Azkadinaku ( Opini )
Indonesia tidak pernah kekurangan gagasan besar. Yang kerap menjadi persoalan justru bagaimana gagasan itu diterjemahkan menjadi kebijakan yang benar-benar menyentuh kebutuhan masyarakat. Di titik inilah birokrasi menjadi penentu: apakah negara hadir untuk rakyat, atau justru rakyat yang dipaksa membiayai birokrasi.
Puluhan tahun lalu, Presiden pertama Republik Indonesia, Soekarno, telah mengingatkan bahwa perjuangan setelah kemerdekaan tidak lagi melawan penjajah, melainkan menghadapi persoalan yang tumbuh dari dalam bangsa sendiri. Pesan itu masih relevan hingga hari ini. Korupsi, penyalahgunaan kewenangan, rendahnya integritas, dan budaya birokrasi yang lebih sibuk mengurus administrasi daripada menyelesaikan masalah publik masih menjadi tantangan nyata.
Soekarno juga pernah menegaskan pentingnya menjaga kedaulatan atas sumber daya alam Indonesia. Gagasan agar kekayaan mineral tidak dieksploitasi sebelum bangsa ini mampu mengolahnya sendiri menunjukkan cara pandang jauh ke depan tentang nilai tambah dan kemandirian ekonomi. Dalam konteks berbeda, semangat tersebut kerap dikaitkan dengan kebijakan hilirisasi yang dijalankan pemerintah beberapa dekade kemudian.

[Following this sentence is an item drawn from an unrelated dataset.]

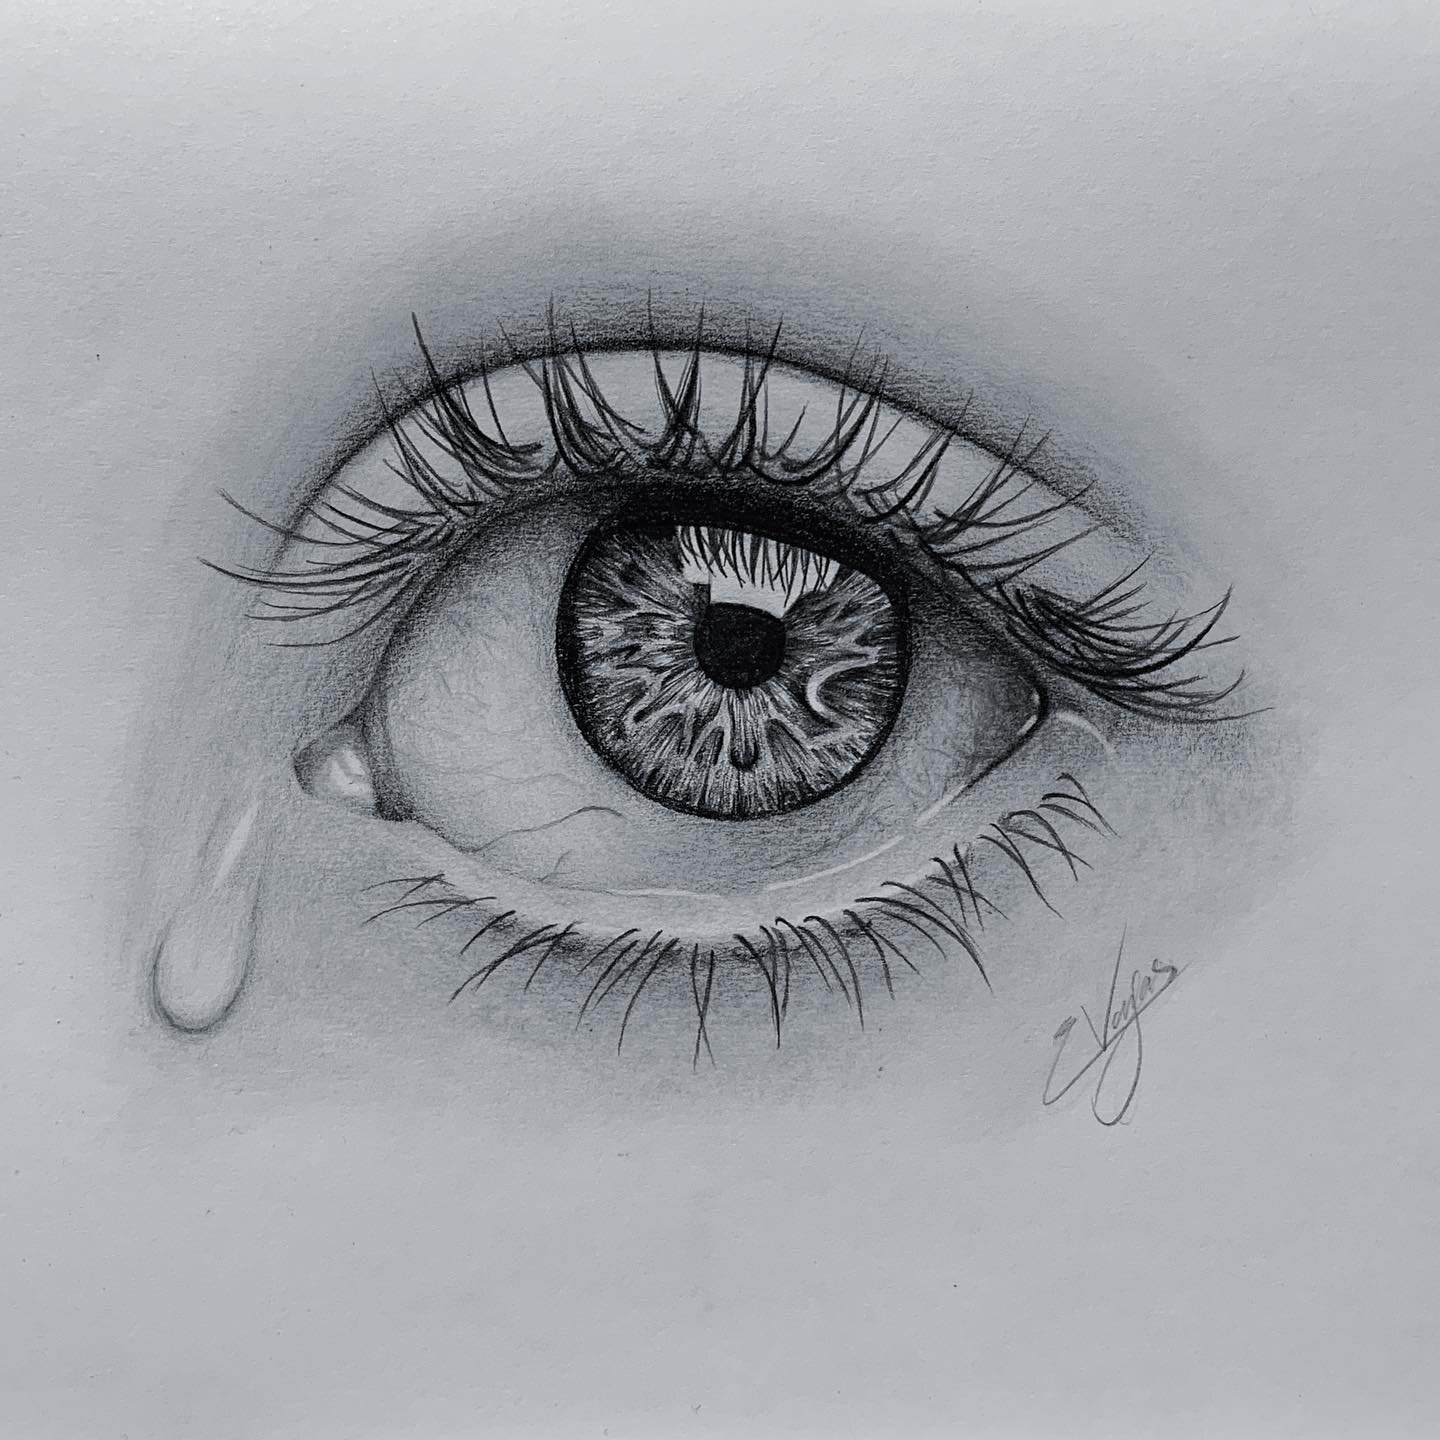 How to Draw a Realistic Eye with a Tear - YouTube

Namun, sejarah juga mengajarkan bahwa visi seorang presiden tidak akan berarti banyak apabila berhenti di atas kertas. Program pemerintah hanya akan berhasil apabila birokrasi bekerja dengan integritas, efisien, dan berorientasi pada hasil.

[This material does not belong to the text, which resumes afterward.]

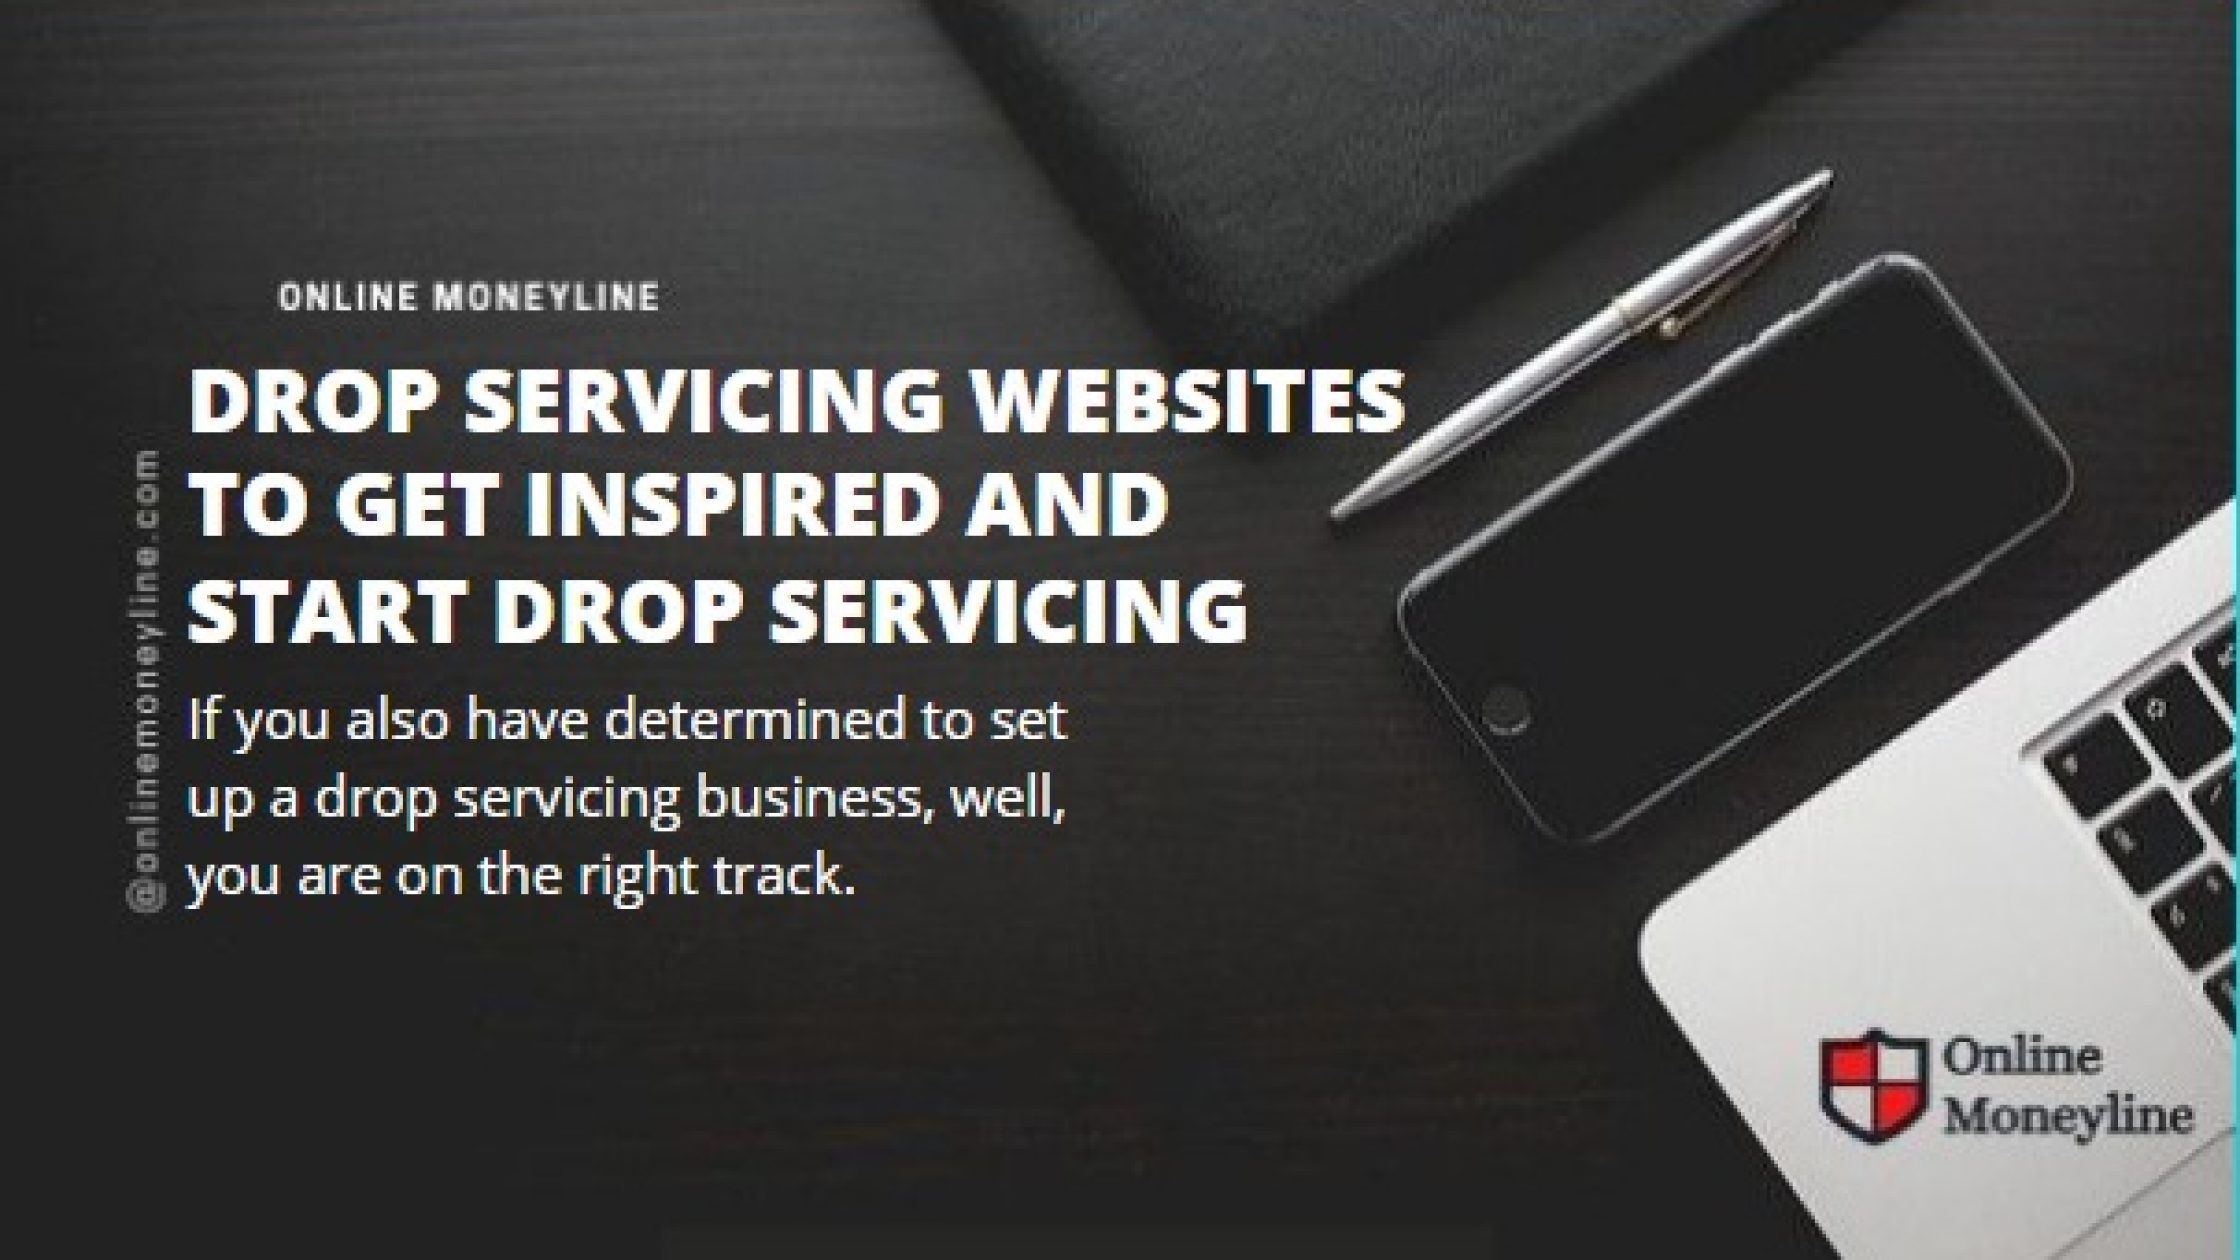 11 Drop Servicing Websites To Get Inspired And Start Drop Servicing

Pernyataan Presiden Joko Widodo dalam berbagai kesempatan, termasuk saat memberikan arahan kepada Badan Pengawasan Keuangan dan Pembangunan (BPKP), menjadi ilustrasi menarik mengenai persoalan klasik birokrasi Indonesia. Jokowi menegaskan bahwa dirinya sering turun langsung ke lapangan karena tidak ingin hanya menerima laporan yang terlihat baik di atas meja. Menurutnya, ukuran keberhasilan bukan banyaknya rapat, perjalanan dinas, atau dokumen administrasi, melainkan manfaat yang benar-benar dirasakan masyarakat.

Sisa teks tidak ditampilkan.